Re: URL-decoding reverse proxy breaks remote replication

Posted by Jeremy Wall <jw...@google.com>.
An Apache reverse proxy also breaks with url encodings. So that's at least
one other proxy that does it.

On Wed, Sep 3, 2008 at 2:13 PM, Damien Katz <da...@apache.org> wrote:

> This is an issue I've been anticipating for a while, which is proxies
> messing around with the url encoding and causing problems.
>
> CouchDB url elements are delimited by slashes, for example "GET
> db/doc/fileattachment". But any of the elements "db" "doc" or "attachment"
> could have slashes in them,  if slashes are url encoded (%20 I think).  So
> using the slashes requires that the proxies keep the encoding exactly
> intact, instead of normalizing encoded urls to slashes.
>
> I've discussed this a while ago and was advised that proxies shouldn't mess
> with the URL encodings. So too me, my default position is this to me is a
> bug in nginx. However, I can be convinced otherwise, if other proxies or
> tools tend to do the same thing.
>
> -Damien
>
>
> On Sep 3, 2008, at 2:38 PM, Adam Kocoloski wrote:
>
>  Hi, I installed CouchDB behind nginx the other day and noticed that remote
>> replication didn't work.  The problem seems to be that
>>
>> a) CouchDB stores the replication history in a local doc with an ID formed
>> from the URL-encoded paths to the source and target DBs,
>>
>> b) nginx decodes all %2Fs in the URLs it processes, and
>>
>> c) couch_httpd chokes on a GET request for the replication history doc
>> using the decoded URL delivered by nginx.
>>
>> My workaround was to encode "/" as "|" in the ID of the replication
>> history document.  It seemed simpler than doing extra special-casing in
>> couch_httpd to handle decoded "/" characters in replication docIDs, and I
>> didn't see any way to turn off URL decoding in nginx.  Best,
>>
>> Adam
>>
>> --- a/trunk/src/couchdb/couch_rep.erl
>> +++ b/trunk/src/couchdb/couch_rep.erl
>> @@ -28,6 +28,9 @@ url_encode([H|T]) ->
>>        [H|url_encode(T)];
>>    H == $_; H == $.; H == $-; H == $: ->
>>        [H|url_encode(T)];
>> +    % nginx will decode the %2F which makes couch_httpd blow up
>> +    H == $/ ->
>> +        [$||url_encode(T)];
>>    true ->
>>        case lists:flatten(io_lib:format("~.16.0B", [H])) of
>>        [X, Y] ->
>>
>>
>>
>>
>

Re: URL-decoding reverse proxy breaks remote replication

Posted by Damien Katz <da...@apache.org>.
This is an issue I've been anticipating for a while, which is proxies  
messing around with the url encoding and causing problems.

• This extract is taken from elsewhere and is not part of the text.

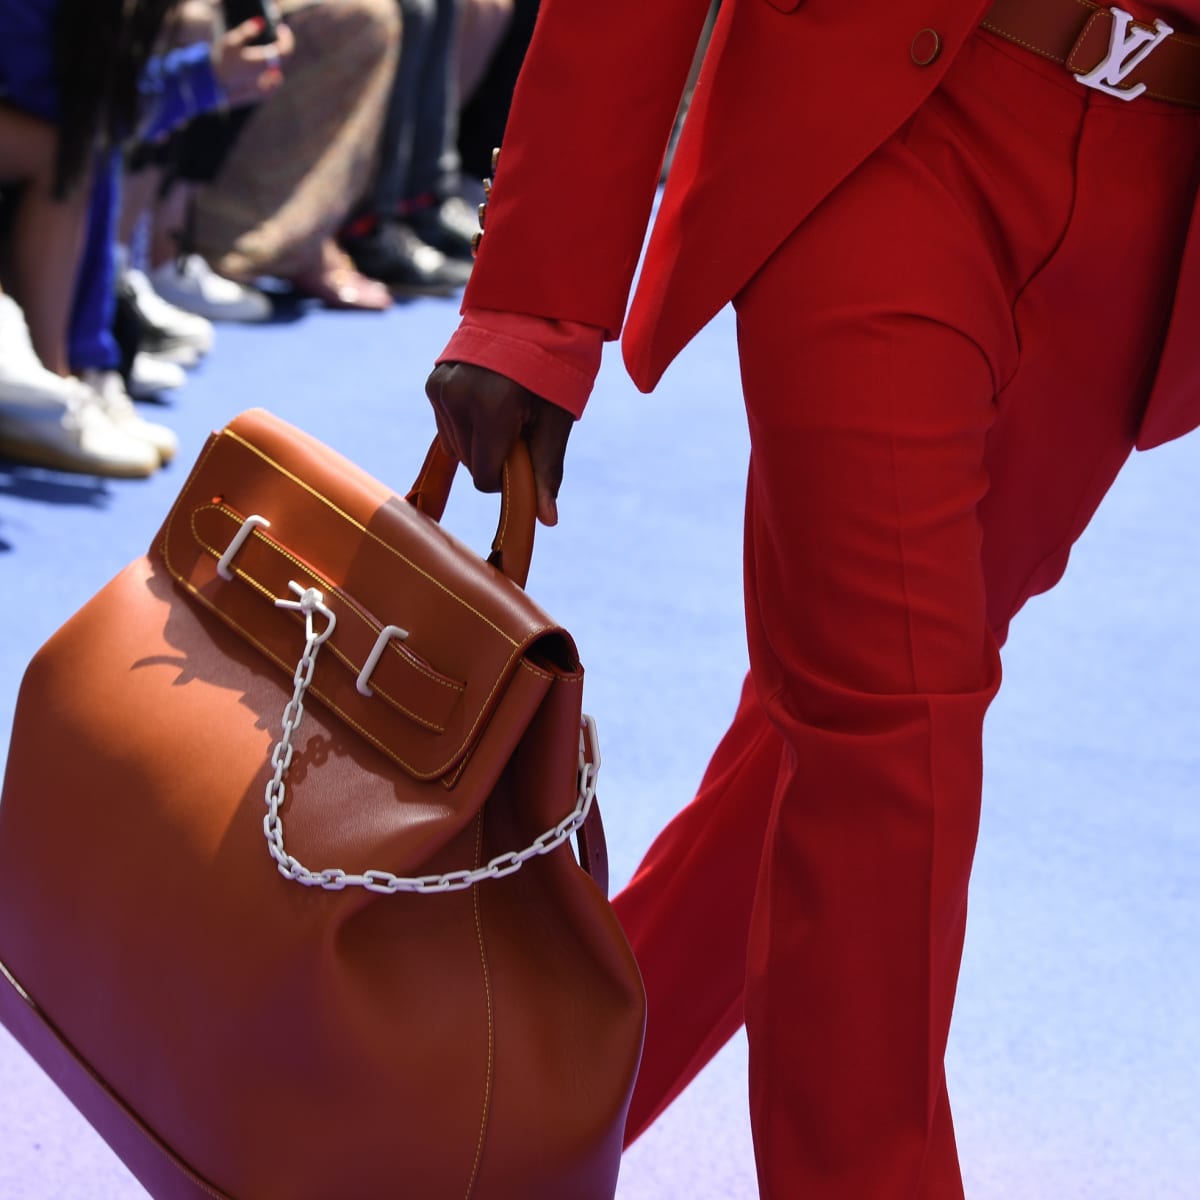 Louis Vuitton and Dior drive 16% revenue growth at LVMH

CouchDB url elements are delimited by slashes, for example "GET db/doc/ 
fileattachment". But any of the elements "db" "doc" or "attachment"  
could have slashes in them,  if slashes are url encoded (%20 I  
think).  So using the slashes requires that the proxies keep the  
encoding exactly intact, instead of normalizing encoded urls to slashes.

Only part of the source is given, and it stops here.